▶ [Dataset section]:
------------------------------------

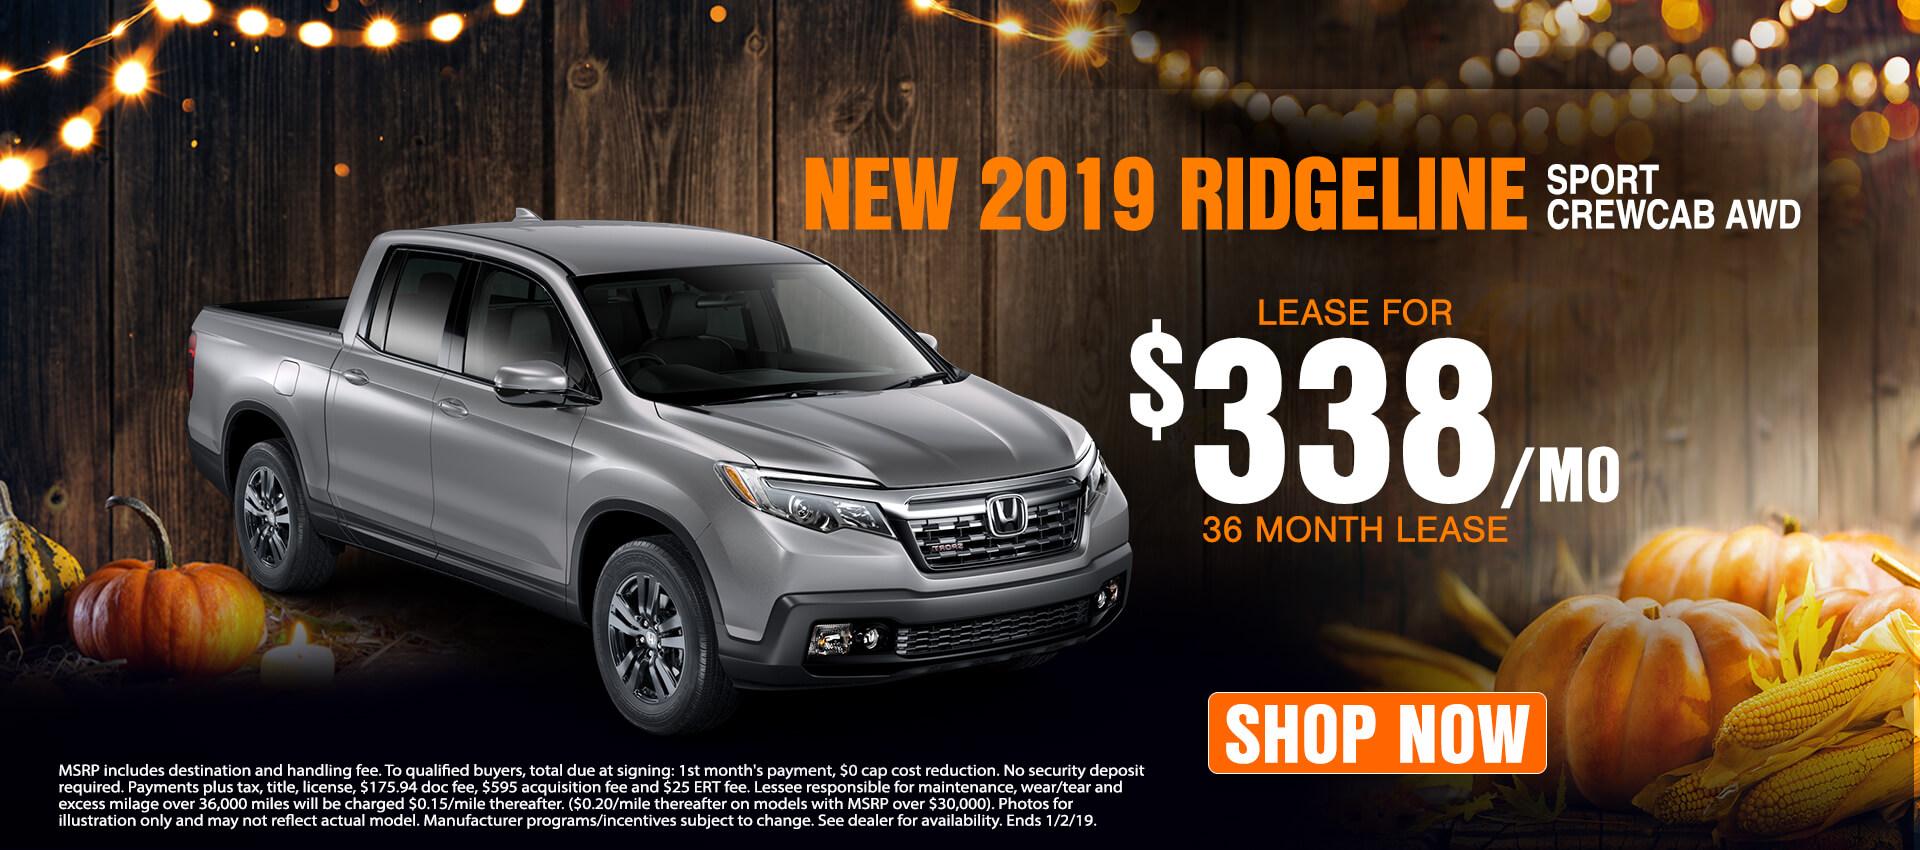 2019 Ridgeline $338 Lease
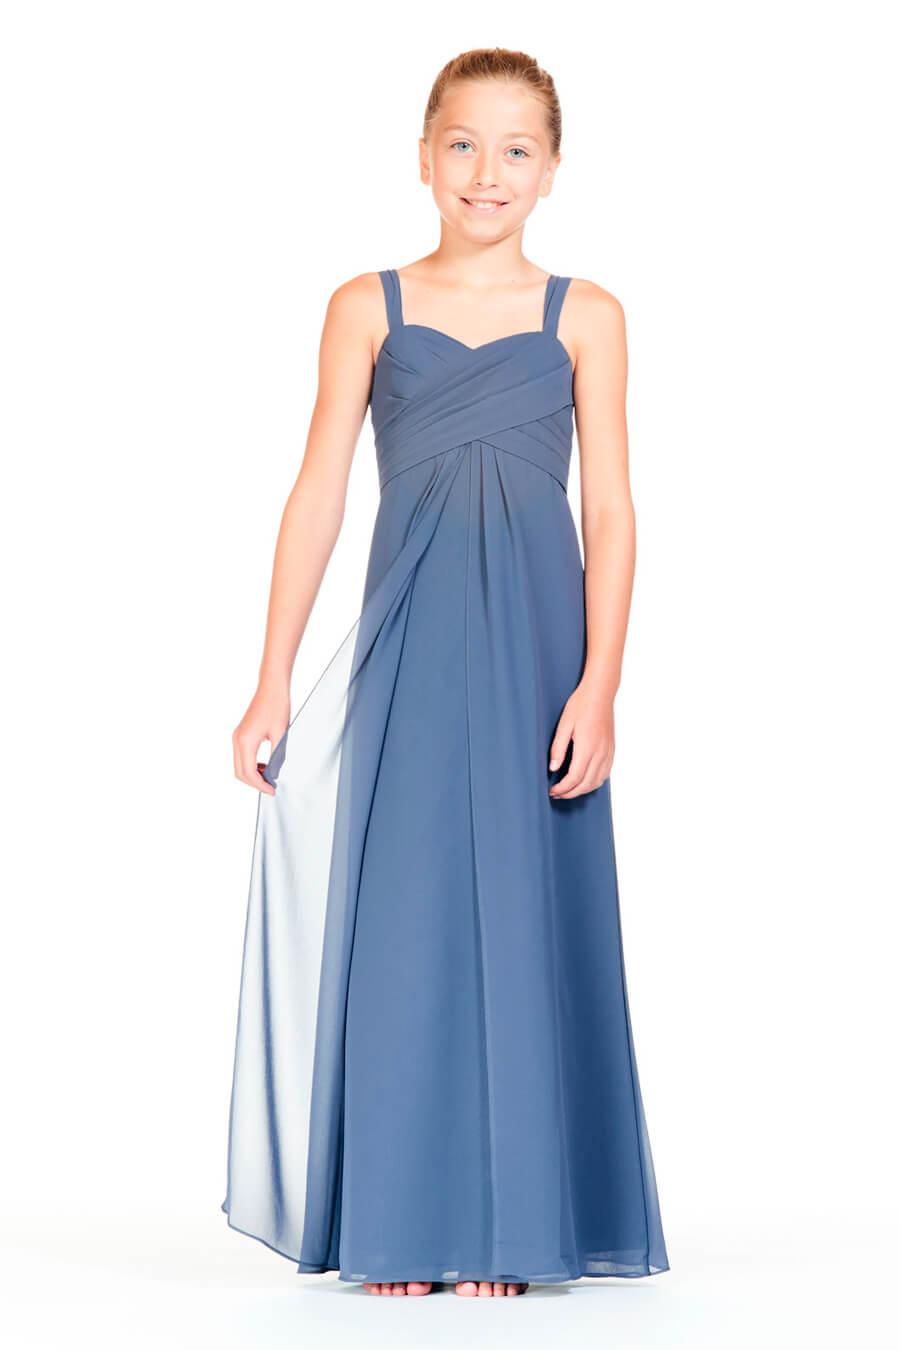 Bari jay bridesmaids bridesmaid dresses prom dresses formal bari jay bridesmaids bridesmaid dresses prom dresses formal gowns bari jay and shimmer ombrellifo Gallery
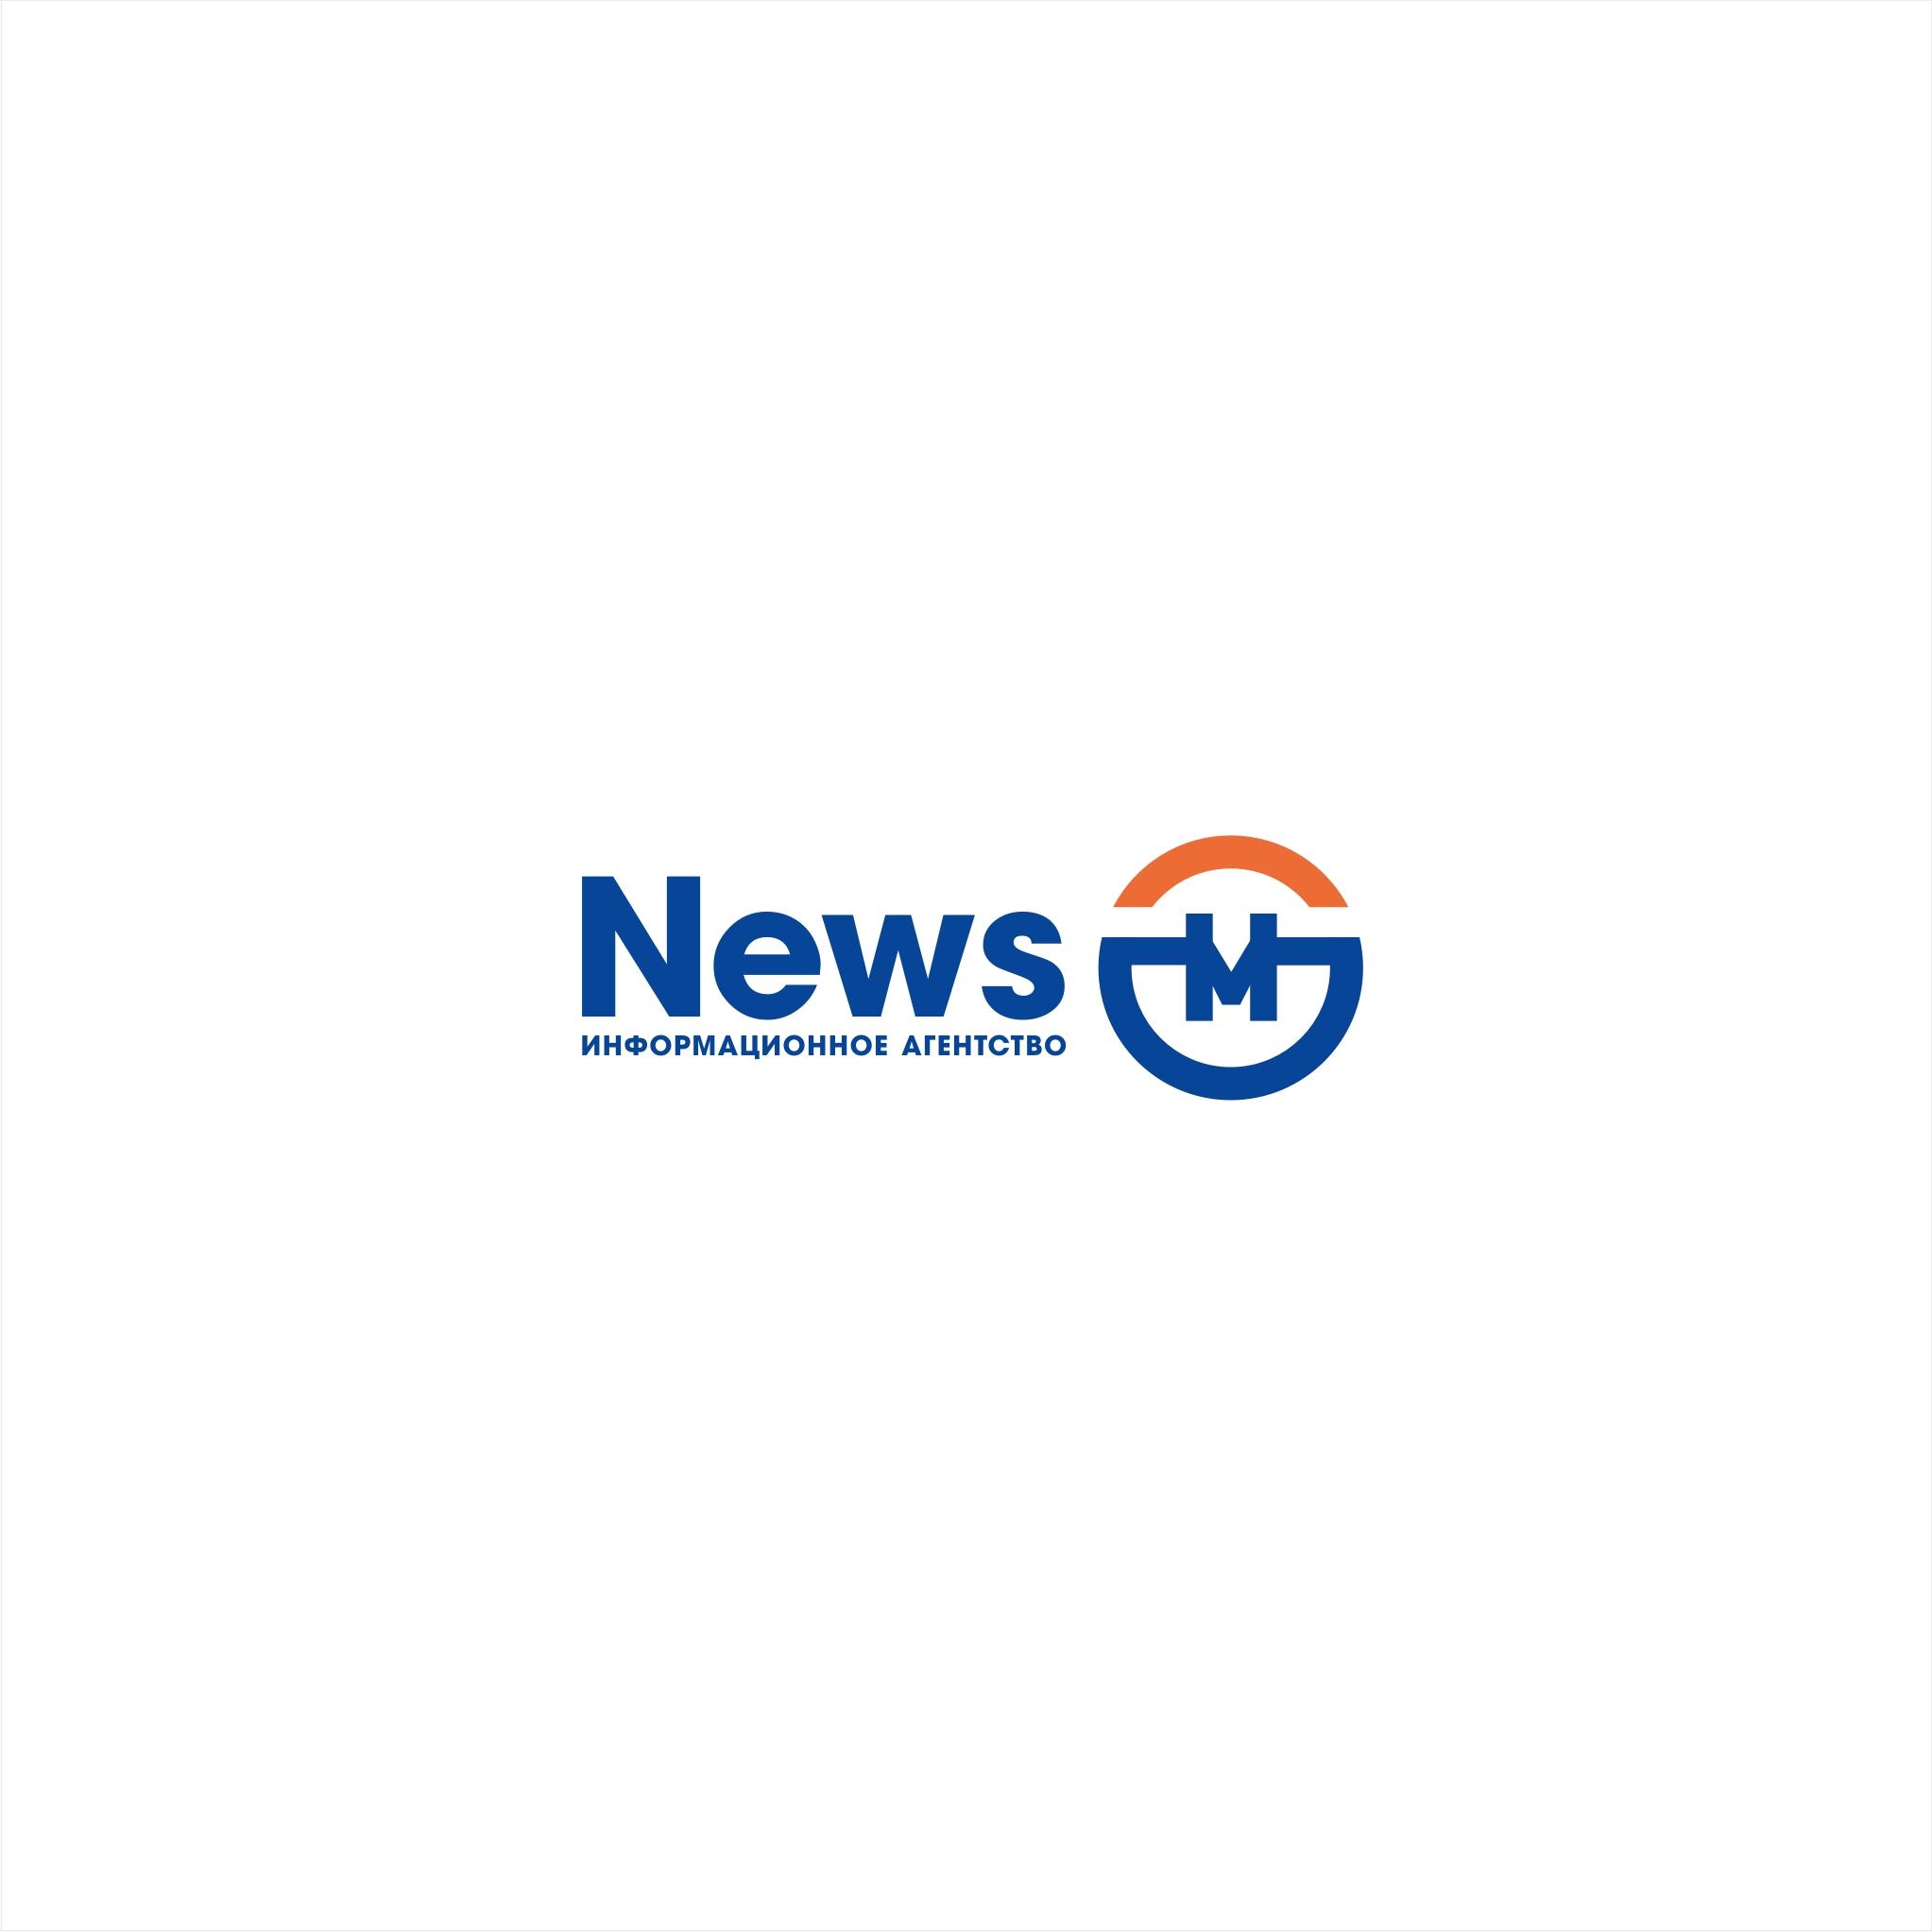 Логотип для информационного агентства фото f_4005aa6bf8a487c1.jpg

------------------------------------

The pictures alone are to be left out when the data above is copied; all else must match exactly.

 2019 Ridgeline $338 Lease
 Bari jay bridesmaids bridesmaid dresses prom dresses formal bari jay bridesmaids bridesmaid dresses prom dresses formal gowns bari jay and shimmer ombrellifo Gallery
 Логотип для информационного агентства фото f_4005aa6bf8a487c1.jpg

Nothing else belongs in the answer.